Yes indeed. I dropped the first patch and didn't fix this one
accordingly. I think the fix can be as simple as checking for
in_task() here instead of gfp_mask. That should work for both RT and
non-RT kernels.

Re: [PATCH v2 3/3] memcg: no irq disable for memcg stock lock

Posted by Vlastimil Babka 9 months, 1 week ago

On 5/3/25 01:03, Shakeel Butt wrote:
>> > index cd81c70d144b..f8b9c7aa6771 100644
>> > --- a/mm/memcontrol.c
>> > +++ b/mm/memcontrol.c
>> > @@ -1858,7 +1858,6 @@ static bool consume_stock(struct mem_cgroup *memcg, unsigned int nr_pages,
>> >  {
>> >         struct memcg_stock_pcp *stock;
>> >         uint8_t stock_pages;
>> > -       unsigned long flags;
>> >         bool ret = false;
>> >         int i;
>> >
>> > @@ -1866,8 +1865,8 @@ static bool consume_stock(struct mem_cgroup *memcg, unsigned int nr_pages,
>> >                 return ret;
>> >
>> >         if (gfpflags_allow_spinning(gfp_mask))
>> > -               local_lock_irqsave(&memcg_stock.lock, flags);
>> > -       else if (!local_trylock_irqsave(&memcg_stock.lock, flags))
>> > +               local_lock(&memcg_stock.lock);
>> > +       else if (!local_trylock(&memcg_stock.lock))
>> >                 return ret;
>>
>> I don't think it works.
>> When there is a normal irq and something doing regular GFP_NOWAIT
>> allocation gfpflags_allow_spinning() will be true and
>> local_lock() will reenter and complain that lock->acquired is
>> already set... but only with lockdep on.
> 
> Yes indeed. I dropped the first patch and didn't fix this one
> accordingly. I think the fix can be as simple as checking for
> in_task() here instead of gfp_mask. That should work for both RT and
> non-RT kernels.

These in_task() checks seem hacky to me. I think the patch 1 in v1 was the
correct way how to use the local_trylock() to avoid these.
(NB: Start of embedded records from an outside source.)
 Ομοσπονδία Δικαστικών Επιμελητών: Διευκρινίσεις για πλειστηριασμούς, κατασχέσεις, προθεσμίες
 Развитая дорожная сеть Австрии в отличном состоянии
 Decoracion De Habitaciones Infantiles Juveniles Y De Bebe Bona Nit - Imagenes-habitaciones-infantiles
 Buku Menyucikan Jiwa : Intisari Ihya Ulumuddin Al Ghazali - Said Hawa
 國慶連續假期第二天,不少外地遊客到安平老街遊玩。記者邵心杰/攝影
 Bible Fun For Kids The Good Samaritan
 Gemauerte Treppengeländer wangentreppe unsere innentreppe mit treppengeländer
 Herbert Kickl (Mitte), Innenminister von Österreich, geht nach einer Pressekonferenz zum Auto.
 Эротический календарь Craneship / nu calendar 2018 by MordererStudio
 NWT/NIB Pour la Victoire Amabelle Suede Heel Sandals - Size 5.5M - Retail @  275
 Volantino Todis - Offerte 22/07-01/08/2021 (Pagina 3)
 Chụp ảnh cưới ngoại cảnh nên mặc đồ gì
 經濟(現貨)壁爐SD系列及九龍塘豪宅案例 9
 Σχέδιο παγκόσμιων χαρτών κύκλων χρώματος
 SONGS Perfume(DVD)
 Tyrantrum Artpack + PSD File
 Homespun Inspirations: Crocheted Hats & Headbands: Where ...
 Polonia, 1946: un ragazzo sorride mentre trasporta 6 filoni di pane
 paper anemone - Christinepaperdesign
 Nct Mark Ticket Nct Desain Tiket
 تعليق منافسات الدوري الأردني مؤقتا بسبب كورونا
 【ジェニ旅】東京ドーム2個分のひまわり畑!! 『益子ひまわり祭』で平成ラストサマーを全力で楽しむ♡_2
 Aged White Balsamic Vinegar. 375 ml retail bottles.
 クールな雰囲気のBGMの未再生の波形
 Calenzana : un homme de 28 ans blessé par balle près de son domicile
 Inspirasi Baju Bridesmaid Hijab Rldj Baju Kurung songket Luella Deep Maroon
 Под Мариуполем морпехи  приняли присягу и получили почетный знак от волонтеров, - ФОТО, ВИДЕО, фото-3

As for the RT concerns, AFAIK RT isn't about being fast, but about being
preemptible, and the v1 approach didn't violate that - taking the slowpaths
more often shouldn't be an issue.

Let me quote Shakeel's scenario from the v1 thread:

> I didn't really think too much about PREEMPT_RT kernels as I assume
> performance is not top priority but I think I get your point. Let me

Agreed.

> explain and correct me if I am wrong. On PREEMPT_RT kernel, the local
> lock is a spin lock which is actually a mutex but with priority
> inheritance. A task having the local lock can still get context switched

Let's say (seems implied already) this is a low prio task.

> (but will remain on same CPU run queue) and the newer task can try to

And this is a high prio task.

> acquire the memcg stock local lock. If we just do trylock, it will
> always go to the slow path but if we do local_lock() then it will sleeps
> and possibly gives its priority to the task owning the lock and possibly
> make that task to get the CPU. Later the task slept on memcg stock lock
> will wake up and go through fast path.

I think from RT latency perspective it could very much be better for the
high prio task just skip the fast path and go for the slowpath, instead of
going to sleep while boosting the low prio task to let the high prio task
use the fast path later. It's not really a fast path anymore I'd say.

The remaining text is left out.